И верно, – прав Семенов, не касается. И пусть он спит, слесарь шестого разряда, золотые руки, ударник труда. Он не после гулянки спит, а после смены.

А мы посидим еще немного около батареи парового отопления, неделю назад выкрашенной масляной краской в голубой цвет. Молча посидим, чтоб не мешать, только отодвинем жесткую, накрахмаленную занавеску и поглядим за окно, где среди темного, осевшего снега раскинули ветки мокрые деревья.

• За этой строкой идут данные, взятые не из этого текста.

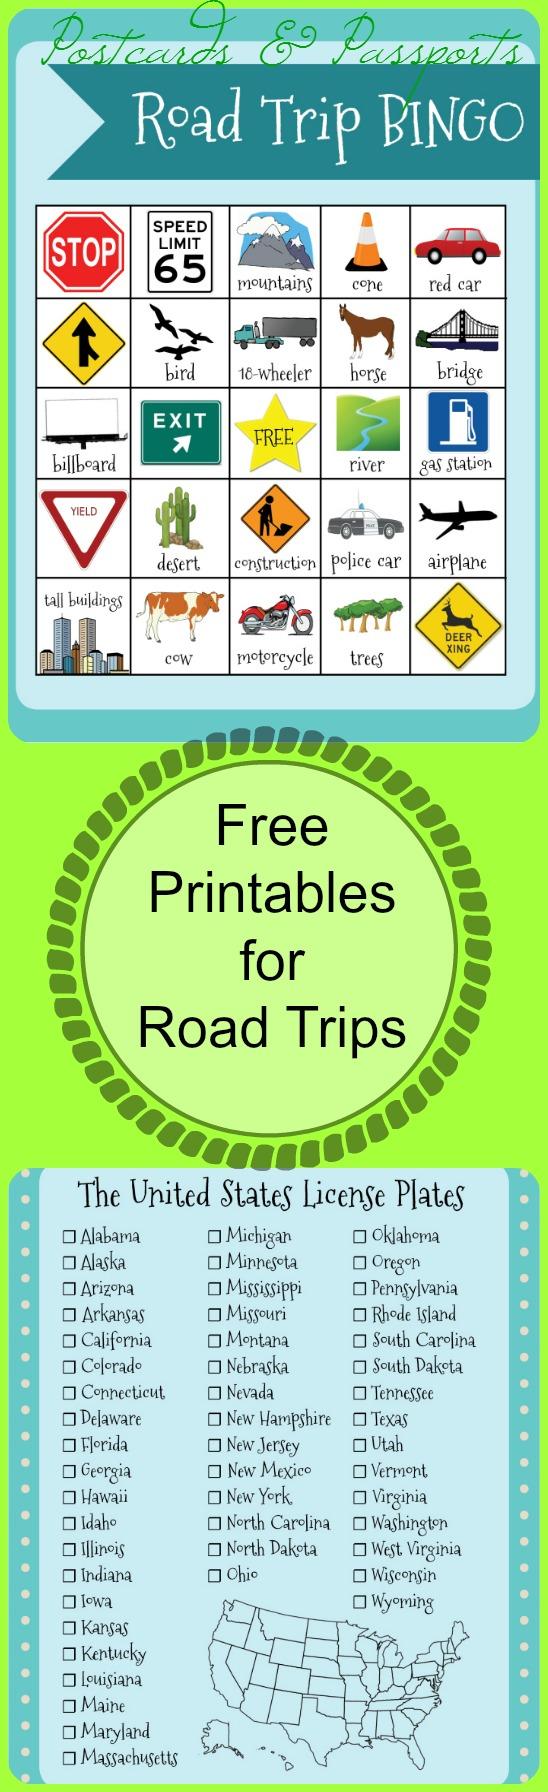 Road Trip - Keeping the Kids Happy
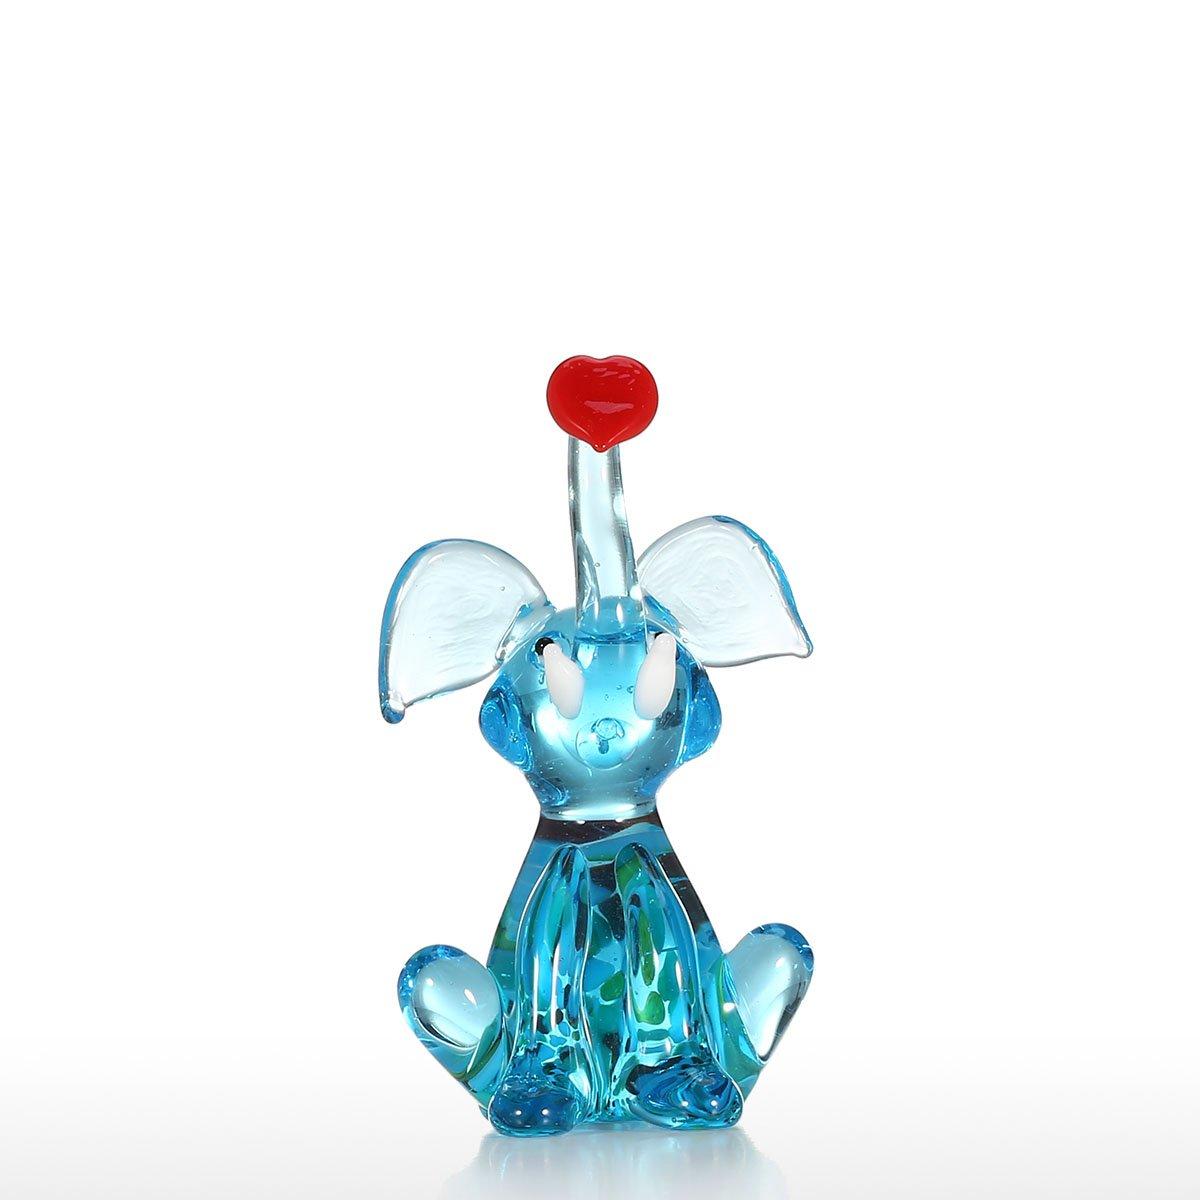 Tooarts Mini Elephant Handmade Sculpture Hand Blown Glass Art Wild Animal Figurine Collectible

Тает, со вчерашнего дня тает, с крыш вода течет, и капли стучат по железному карнизу.

Часть третья

Праздник

1

Если в первомайский день посмотреть с вертолета, праздничная площадь похожа на лохань, в которой стирают белье. Колышется, плывет многоцветная пена, лопаются в воздухе пузыри воздушных шаров, ручьями стекает в улицы толпа, устало опустив свернутые отслужившие знамена, волоча по земле тяжелые портреты.

Если же посмотреть с вертолета на Марсово поле – это тоже очень внушительное зрелище: точно факелы, поднялись над ним обернутые красными полотнищами фонари{53}, расставленные какими-то особыми геометрическими фигурами, только с высоты различимыми и понятными. А в самом центре днем и ночью вечным пламенем полыхает желтый костер.